Supported data synchronization mechanisms¶
The connector plugins for Sidra support different modes of data synchronization, which also depend on the mechanisms configured on the source system or Sidra. These are the following:
-
Full load data synchronization. Generally performed for first time loads. This is also the default mode if no alternative incremental load mechanism is defined. By default, the first load will be a complete load.
-
Incremental load data synchronization. This data synchronization mechanism captures updates for any new or modified data from the source database. Only data corresponding to the updates since the last synchronization are retrieved.

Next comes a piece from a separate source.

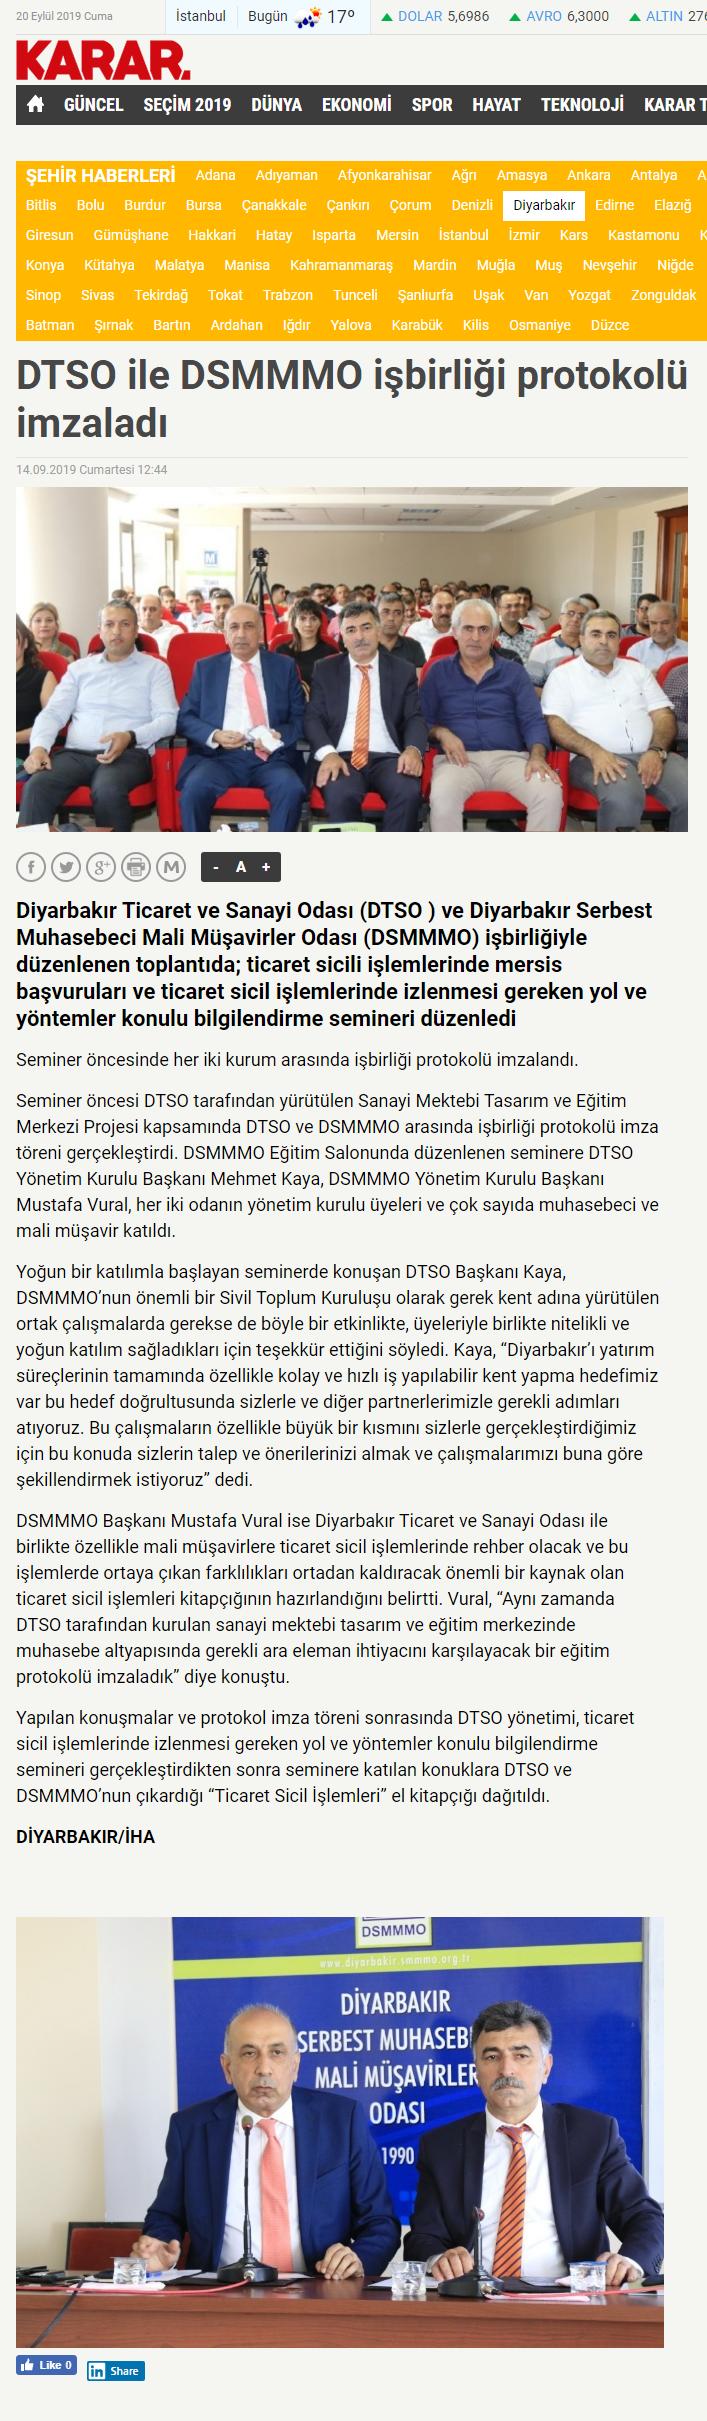 DTSO İLE DSMMMO İŞBİRLİĞİ PROTOKOLÜ İMZALADI (karar.com)

For incremental load to work, there must be a defined mechanism to capture updates in the source system. For incremental load data synchronization, three possible types of mechanisms are supported depending on the database technology:
1. Incremental Load with built-in Change Tracking (CT). This is achieved by directly activating Change Tracking in the source database. Only for Azure SQL and SQL Server connector plugins in Sidra.
2. Incremental Load with built-in System-period temporal tables. Only for DB2 and DB2 iSeries connector plugins.
3. Incremental Load non-Change Tracking (non-CT) enabled by Sidra. This is achieved by specific configurations in the Sidra Metadata tables. For more information about use cases, you can check the
EntityDeltaLoad
table related.
1. Incremental Load with built-in Change Tracking (CT)¶
This incremental load only applies to SQL Server and Azure SQL databases connector plugins in Sidra.
For more information on how to activate Change Tracking in an SQL database, please check the Microsoft Documentation.
Change Tracking records when a row in a table has changed. It does not capture the data that was changed or how many times it changed. Change Tracking requires primary keys defined in the source database, in order to identify which rows have changed.
If CT is enabled on a table in the source system, Sidra Service will use CT as the incremental update mechanism. This is the most efficient mechanism for detecting new, deleted or updated entries in the source database.
Change Tracking creates change records that the data extractor pipeline in Sidra Service accesses on a per-table (Entity) basis during incremental updates.
When Change Tracking is enabled, the data extractor pipeline will load data depending on the last value of LastDeltaValue
. LastDeltaValue
is a value stored in the EntityDeltaLoad table in Sidra Service metadata.
If there is no LastDeltaValue
, the load will be marked as Initial Load
, and if there are new values from the latest LastDeltaValue
, the load will be marked as Incremental Load
.
Additionally, for SQL Server, Sidra Service incorporates an option for signalling when to reload all the changes (CHANGE_TRACKING_MIN_VALID_VERSION
) in SQL to control when Change Tracking can be used to load the changes, and when we need to overwrite the entire table. This is useful for advanced controlling scenarios of expiration of data retention period.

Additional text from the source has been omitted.